# Companion dog show



## Tollisty (May 27, 2008)

Companion dog show with obedience

Sunday 31st August

Central park, Dartford, Kent

Entries from 11am

Judging starts - obedience & pedigree 12noon, Novelty 2pm​
pedigree classes - Judge, Roxanne macDonald (Roanjora) - puppy, junior, gundog, hound +terrier, working, pastoral, toy + utility, open, veteran, toller breed class.

Novelty classes - best crossbreed, best rescue, best condition, waggiest tail, companion dog club, most appealing eyes, special veteran (10yrs +), brace, most handsome dog, prettiest bitch, judges favourite. 
Junior handling, 
Adult handling.(1st, 2nd & 3rd qualify for the Coventry LKS adult handling finals)

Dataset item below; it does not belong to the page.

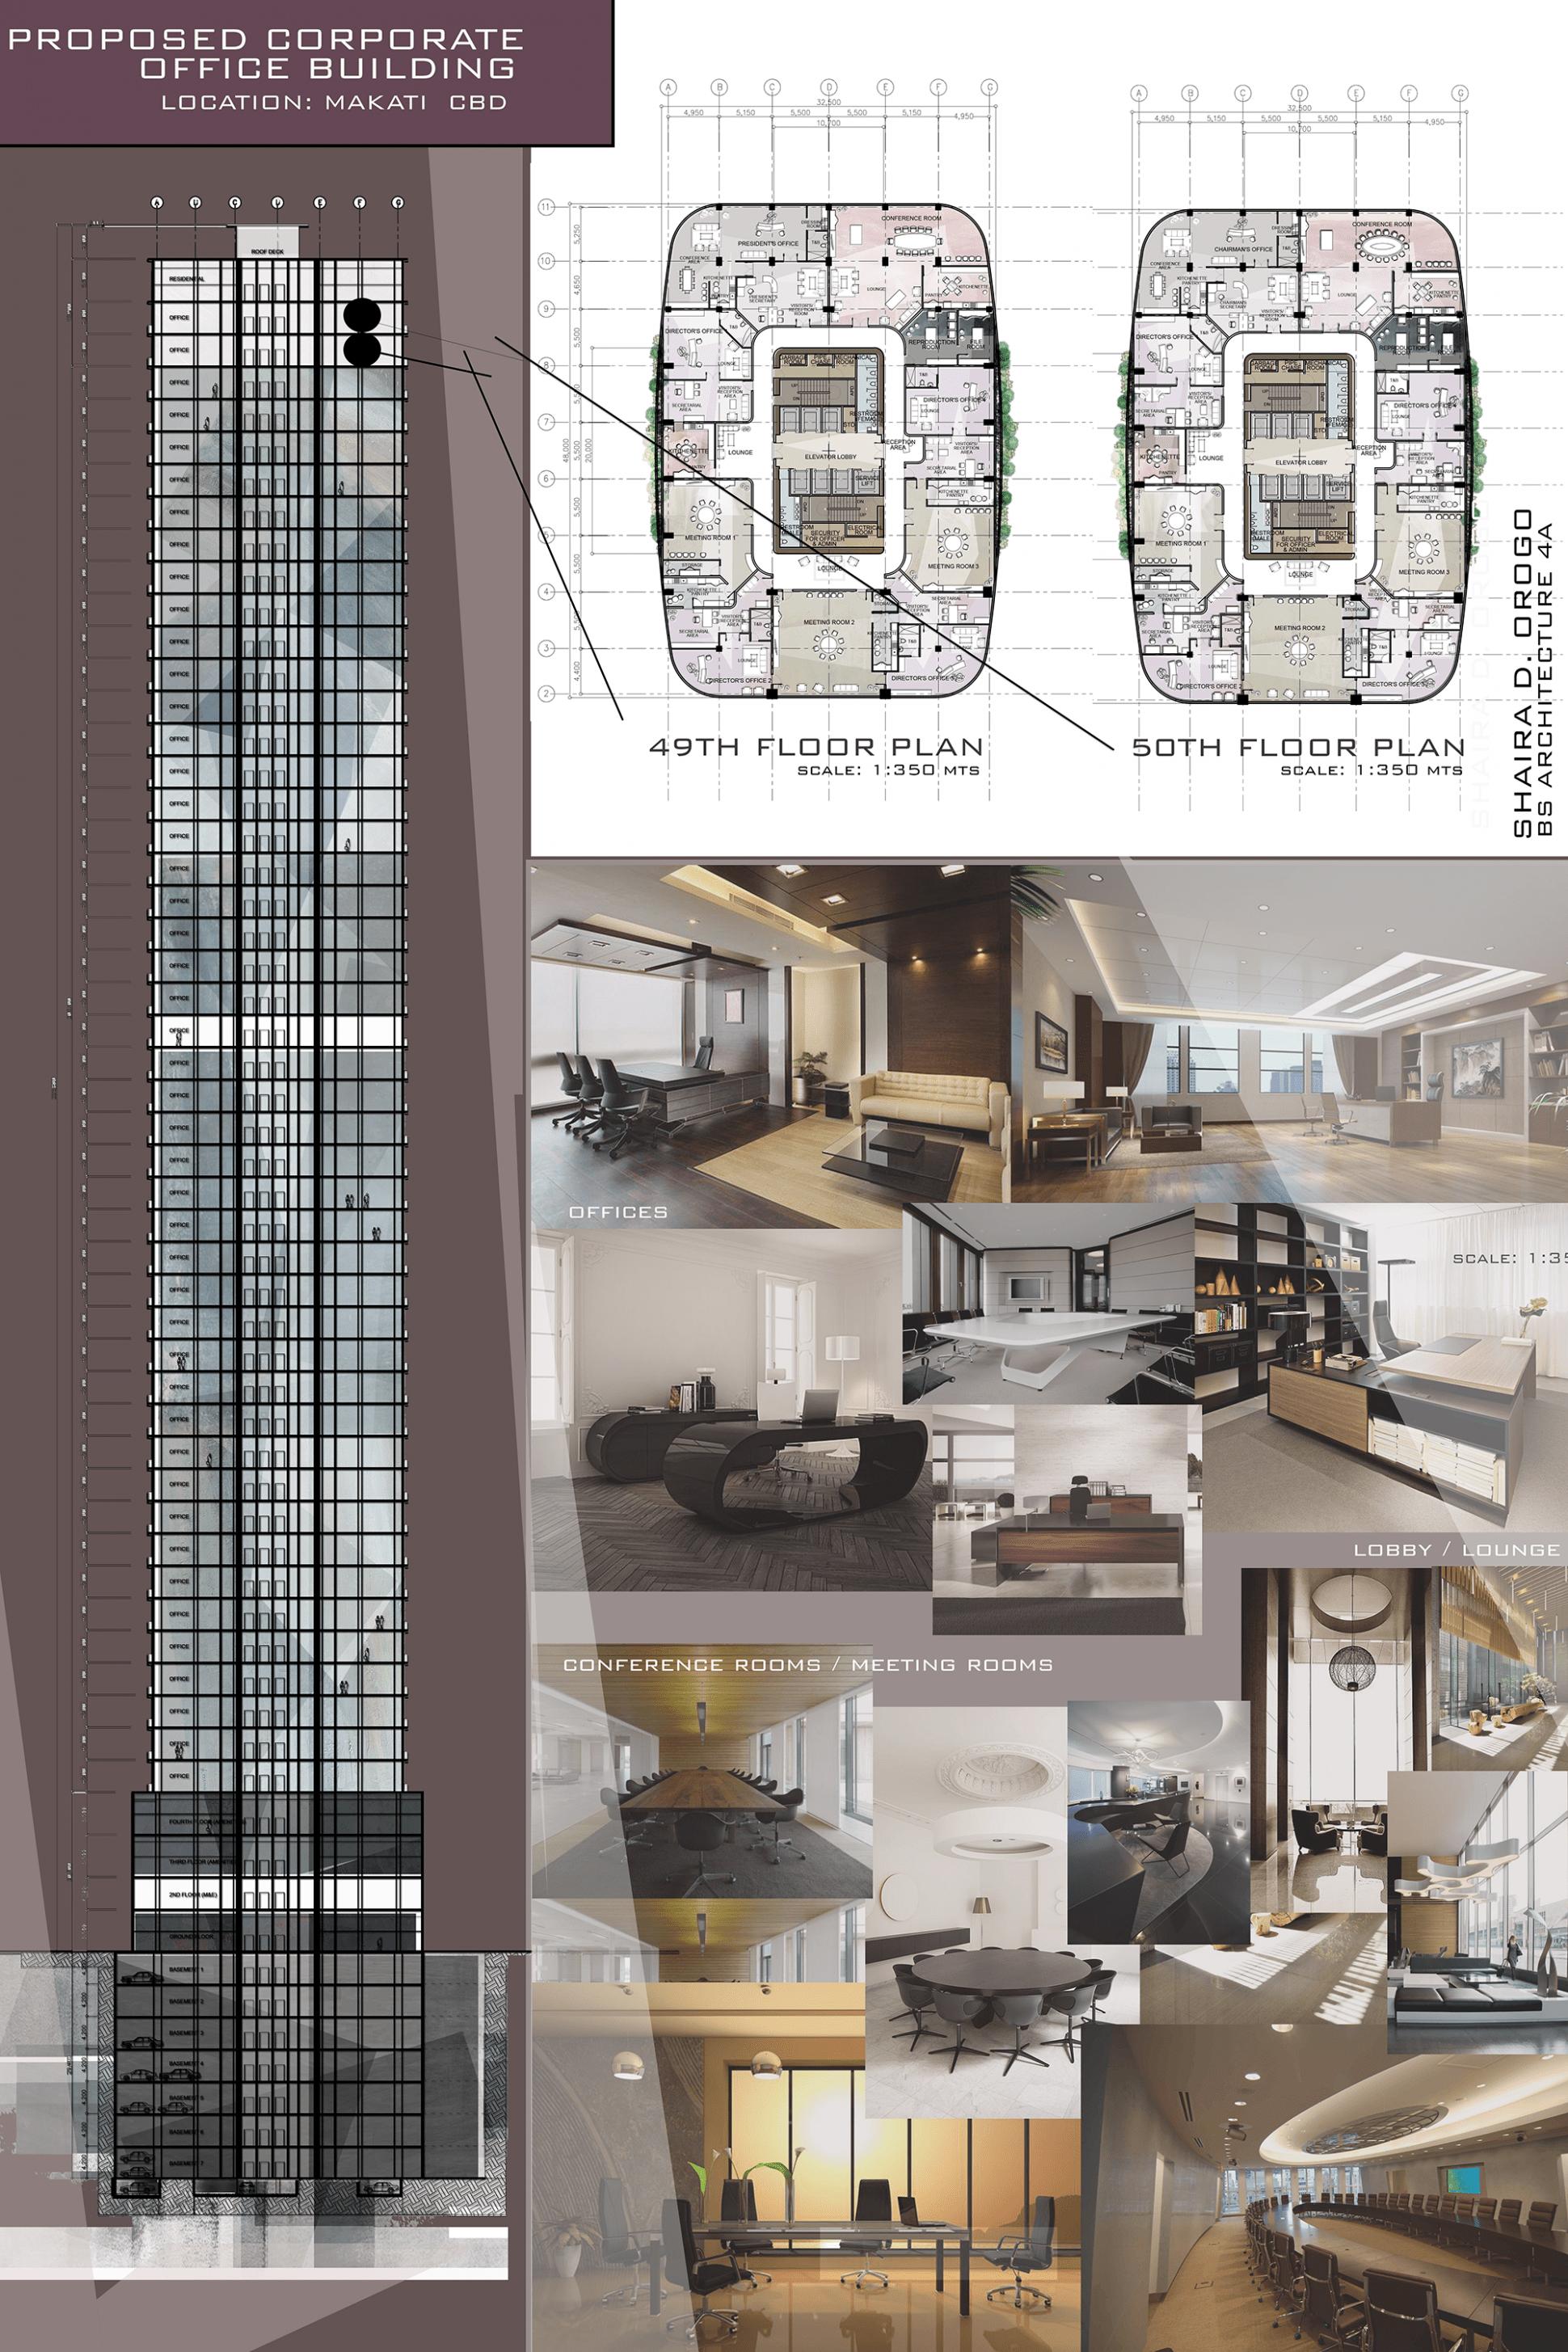 Pin By Nathania Oktarina On Diseno Office Building Plans Office Building Architecture Architecture Building Design
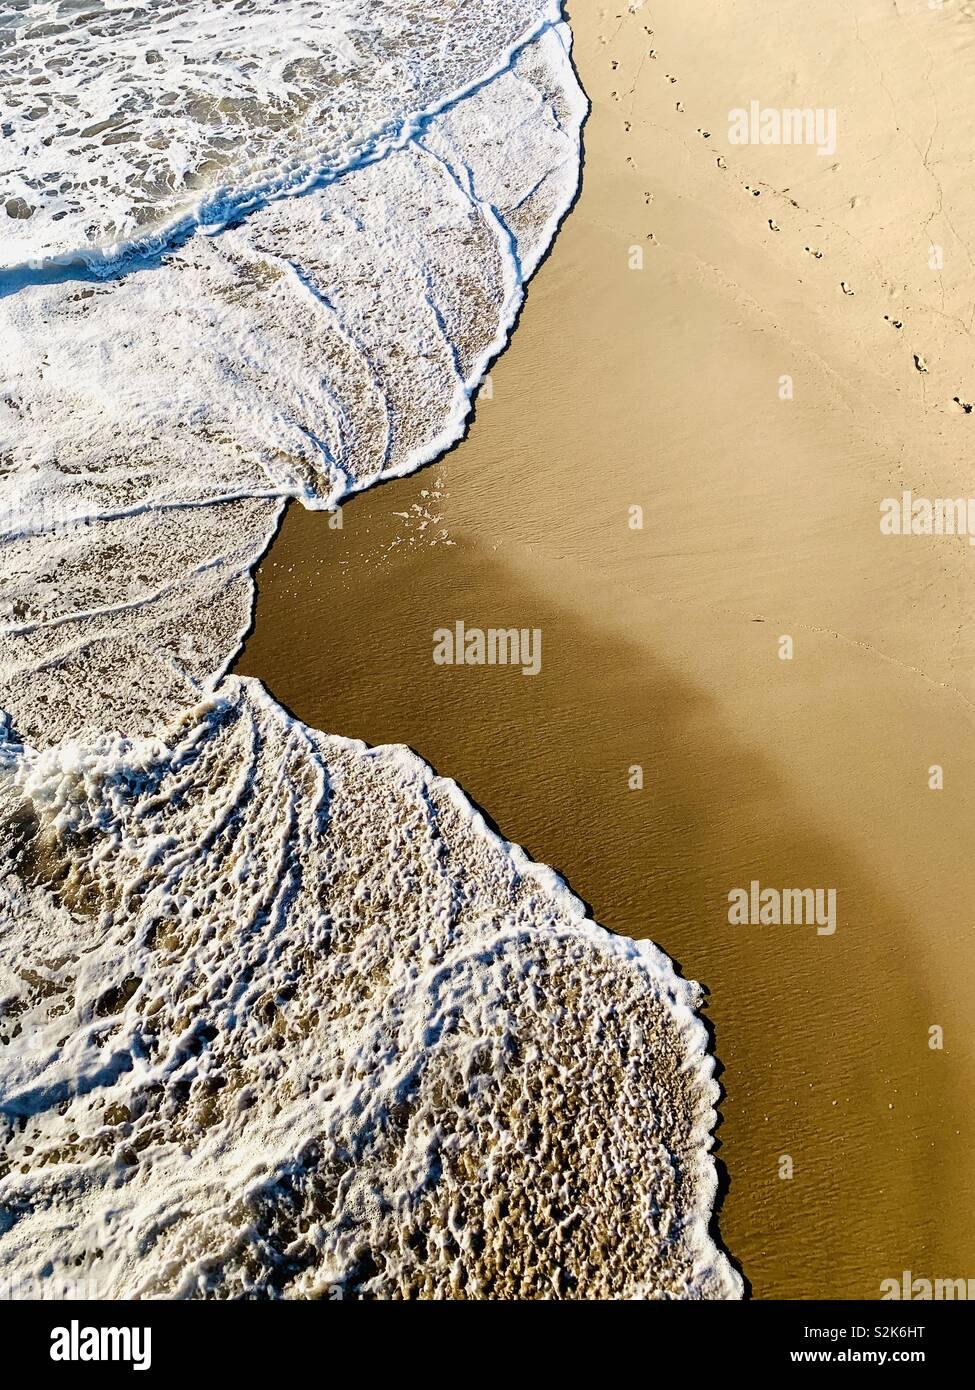 Footprints in the sand at the shoreline. Manhattan Beach, California USA - Stock Image

There will also be a baby puppy class (under 6 mths) to be judged at 1.30pm.

Entry fee per dog - first entry £1.50, other entries £1.00

Obedience classes​
Starters - Heel on lead, recall on lead, 1 min stay (sit or down)
Improvers - heel on lead, heel free, recall, 1 min sit & 2 min down stay
Expert - Heel free, test 'A' recall, retrieve, 2 min sit & 3 min down stay

Rosettes 1st - 6th in every class

Prizes for all first place winners

Proceeds to The Brent (6th dartford) Scout Group

and

Prodogs Direct​


----------



## Tollisty (May 27, 2008)

Just a reminder


----------



## Tollisty (May 27, 2008)

Don't forget about this


----------



## Tollisty (May 27, 2008)

We had a good day with only one heavy shower that lasted a couple of mins.
203 dogs were entered and we raised over £700. The biggest class of the day was judges favourite with an entry of 58 

Thankyou to everyone that ignored the weather forecast and came to the show


----------